* _Exercise directions_
Filter the entries for the word "Auto". Copy each line in which it occurs.

* _Given data_
§ §

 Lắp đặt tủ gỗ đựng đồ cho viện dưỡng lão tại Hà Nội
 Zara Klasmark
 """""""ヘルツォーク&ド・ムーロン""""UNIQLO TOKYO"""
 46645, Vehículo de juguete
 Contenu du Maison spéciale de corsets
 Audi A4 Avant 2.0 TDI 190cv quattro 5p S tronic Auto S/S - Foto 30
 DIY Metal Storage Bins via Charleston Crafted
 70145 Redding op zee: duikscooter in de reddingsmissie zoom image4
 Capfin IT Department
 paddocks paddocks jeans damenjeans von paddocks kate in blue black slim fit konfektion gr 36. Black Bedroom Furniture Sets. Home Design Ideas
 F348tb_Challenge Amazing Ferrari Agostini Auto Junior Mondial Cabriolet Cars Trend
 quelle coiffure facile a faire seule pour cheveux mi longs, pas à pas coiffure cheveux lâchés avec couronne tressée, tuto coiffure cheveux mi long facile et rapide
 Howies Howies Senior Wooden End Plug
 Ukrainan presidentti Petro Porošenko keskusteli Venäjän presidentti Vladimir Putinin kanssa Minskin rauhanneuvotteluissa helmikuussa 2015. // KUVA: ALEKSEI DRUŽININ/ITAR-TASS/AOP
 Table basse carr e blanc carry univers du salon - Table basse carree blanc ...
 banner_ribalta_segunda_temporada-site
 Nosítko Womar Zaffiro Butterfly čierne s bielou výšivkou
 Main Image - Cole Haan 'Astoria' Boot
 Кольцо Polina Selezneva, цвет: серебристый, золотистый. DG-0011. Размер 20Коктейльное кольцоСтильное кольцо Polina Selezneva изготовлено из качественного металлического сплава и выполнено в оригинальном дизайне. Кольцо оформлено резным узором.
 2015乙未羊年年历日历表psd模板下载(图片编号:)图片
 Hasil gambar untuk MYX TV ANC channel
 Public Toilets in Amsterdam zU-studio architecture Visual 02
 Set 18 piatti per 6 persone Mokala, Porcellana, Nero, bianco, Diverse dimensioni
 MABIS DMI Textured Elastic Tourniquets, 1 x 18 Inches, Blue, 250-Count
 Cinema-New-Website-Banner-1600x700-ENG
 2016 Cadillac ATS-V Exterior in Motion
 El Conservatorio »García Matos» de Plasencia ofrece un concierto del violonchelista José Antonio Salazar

§ §

* _Written answer_
 Audi A4 Avant 2.0 TDI 190cv quattro 5p S tronic Auto S/S - Foto 30
 F348tb_Challenge Amazing Ferrari Agostini Auto Junior Mondial Cabriolet Cars Trend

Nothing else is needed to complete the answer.